Some in Washington are proposing to end a tax break, called the state and local tax deduction, that will actually increase taxes on many middle-class workers. Homeowners in all states, including deep-red ones such as Texas, stand to pay higher taxes without the ability to claim this long-standing deduction.
This fundamental principle of federalism and states' rights has always existed. The principle was put into law as part of the original federal tax code in 1913.
The idea behind the deduction is that people were already paying taxes to their respective states and cities, and the federal government agreed not to tax them twice.
If it sounds like common sense, that's because it is.
Opponents of this principle have often portrayed the deduction as favored by blue states such as New York and California.

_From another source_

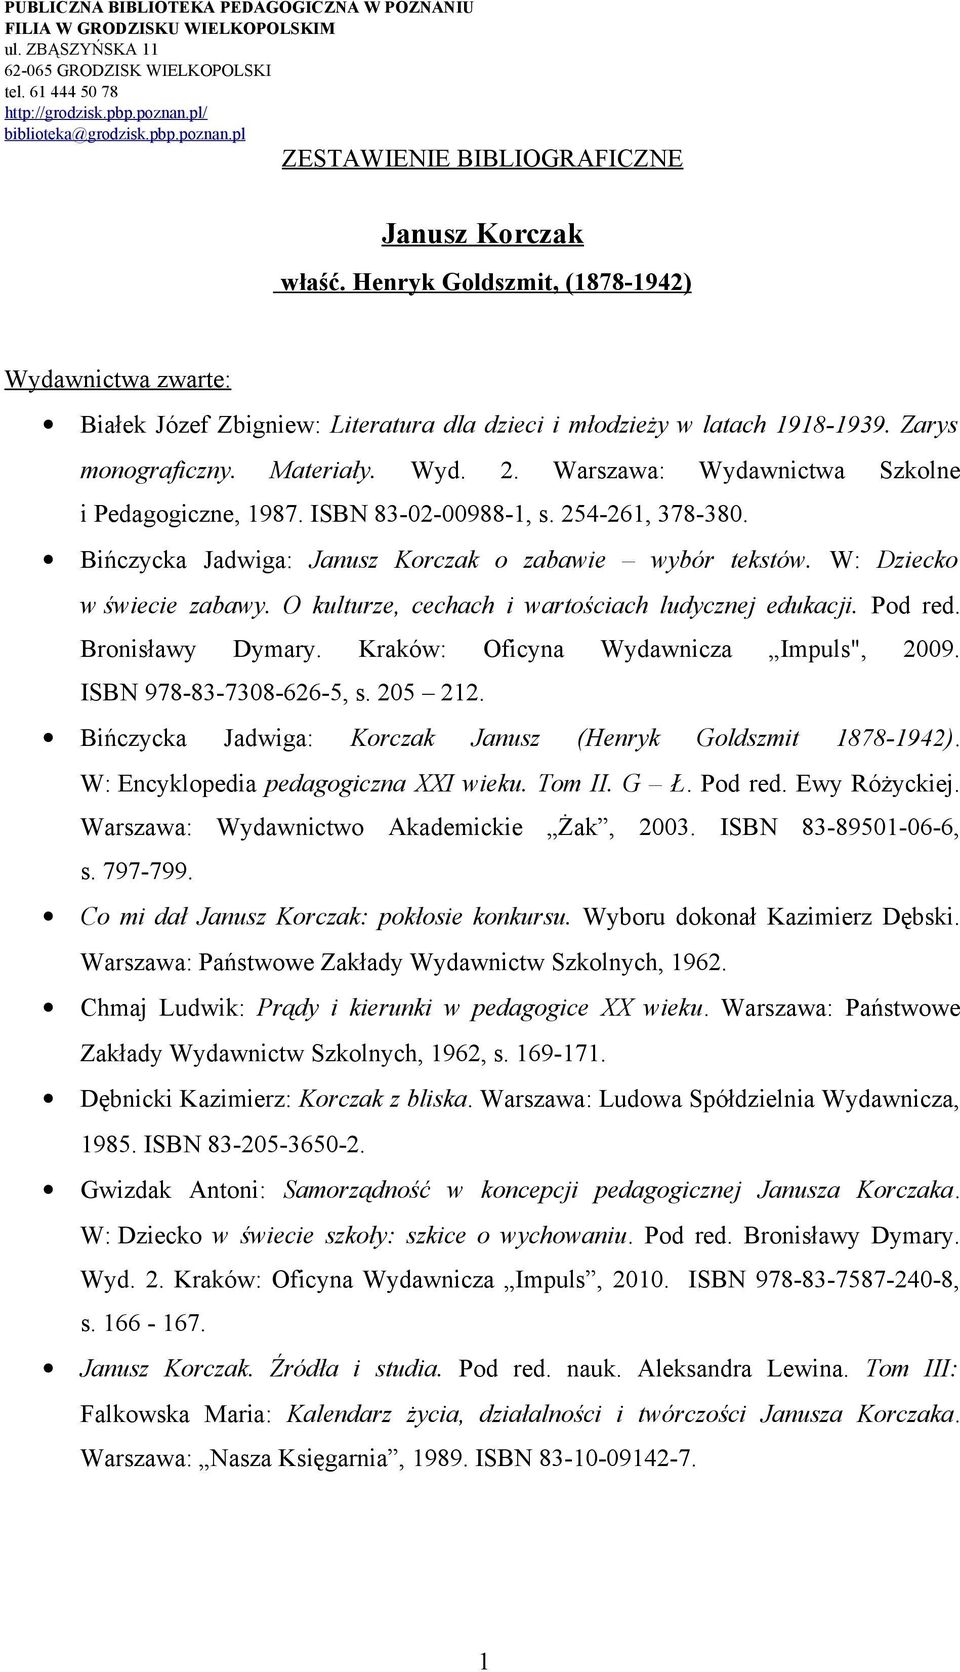 O kulturze, cechach i wartościach ludycznej edukacji. Pod red. Bronisławy Dymary. Kraków: Oficyna Wydawnicza Impuls", 2009. ISBN 978-83-7308-626-5, s. 205 212.
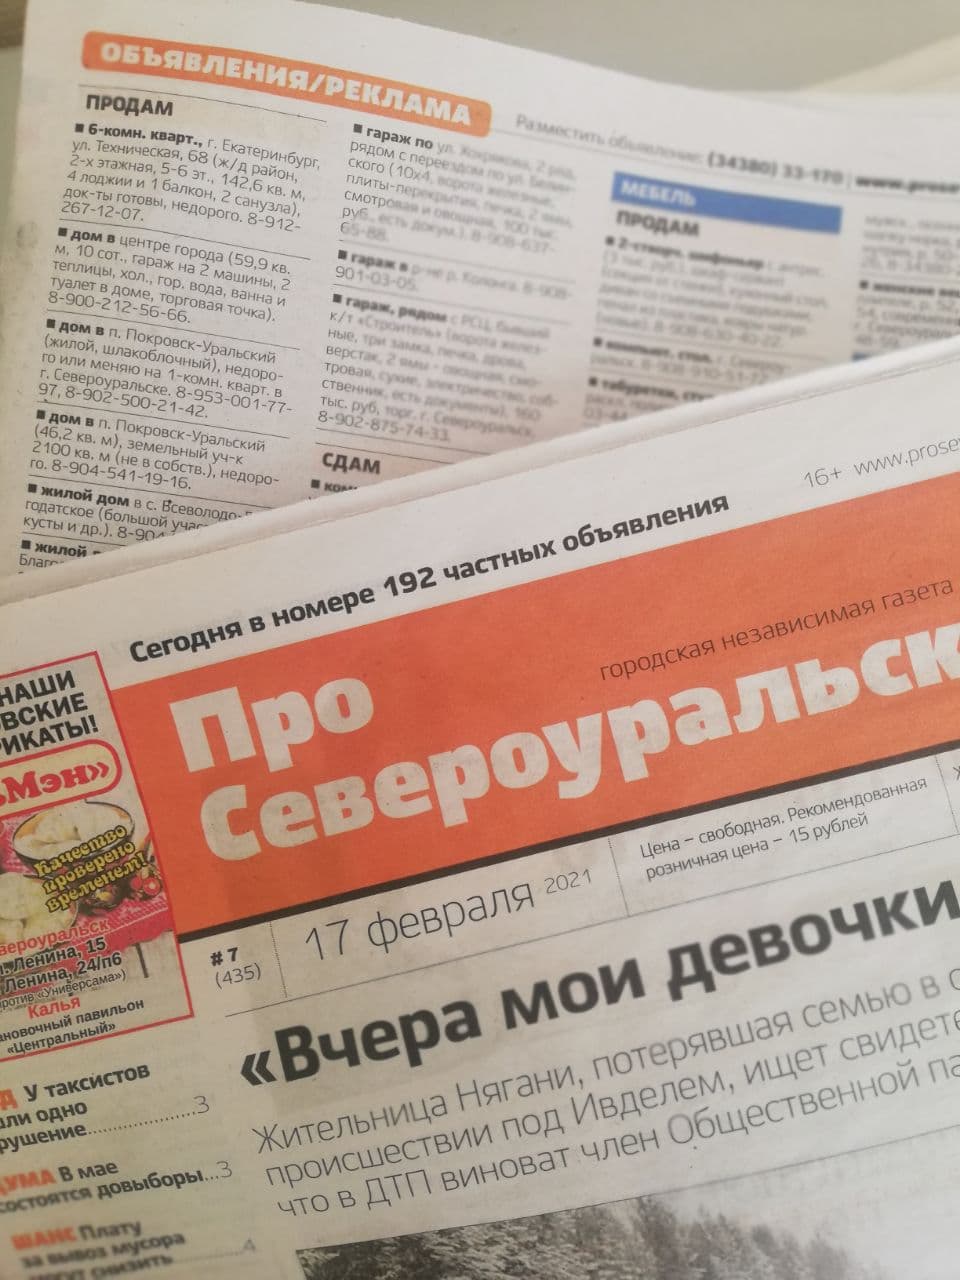 Объявления из газеты "ПроСевероуральск.ru" № 11 от 17 марта 2021 года

In reality, all states are affected.
The Government Finance Officers Association, in an analysis released last week, found that of the 44 million people in all 50 states who claimed the state and local tax deduction in 2015, nearly 86 percent had an adjusted gross income under $200,000. Meanwhile, more than 50 percent of the total dollar value of the deduction goes to taxpayers making less than $200,000 a year.
It's alarming, then, that some in Washington have suggested putting this critical deduction that millions benefit from at risk by proposing to eliminate it as part of tax reform. Those same Washington politicians want to limit the rights of states and local governments to develop and operate their own tax systems, hindering the ability of local governments to make decisions best for their citizens.
As the head of the group that serves as the collective voice of the nation's governors, we think that's wrong.
Our position is simple and shared by Democratic and Republican leaders alike throughout this country: If politicians in Washington want to pursue tax reform, they shouldn't do it at the expense of middle-class taxpayers, homeowners, and the state and local services they receive.
Hard-workers simply shouldn't be taxed twice on the same income. We urge Congress not to unintentionally end up increasing taxes on the middle class.
The state and local tax deductions make it easier for families to afford homes, for cities to build new schools, and for state and local governments to support essential services such as public safety and infrastructure.
The relationship between state, local, and federal taxes can seem complicated. So it's important to ask: Why was our system set up this way? Because it directly reflects the values upon which our country was founded.
Long before he was busy starring in a hit Broadway show, Alexander Hamilton was preoccupied with helping to set up our country's financial and tax system. The question of why, how, and to whom citizens would pay taxes wasn't a side issue — it was at the heart of the American Revolution. After the war, Hamilton would make it clear (in Federalist 31) that he was concerned about the relationship between the power to tax at the local level and taxes charged by the federal government.
In other words, our Founding Fathers were concerned the federal government's tax priorities would end up taking over and wanted to guard against it. They believed the best decisionmakers when it came to your tax dollars were the state and local governments representing and working in your communities.
It's the reason why, throughout U.S. history, the state and local tax deduction has endured. It's simply not a partisan issue, no matter how much Washington or the media want to portray it as such.
Good, effective government starts at the local and state level. And we'll only be able to make that possible if leaders in Washington do the right thing by recognizing the critical importance of the state and local tax deduction and acting to preserve it.
Scott Pattison is the executive director and CEO of the National Governors Association, the collective voice of the nation's governors.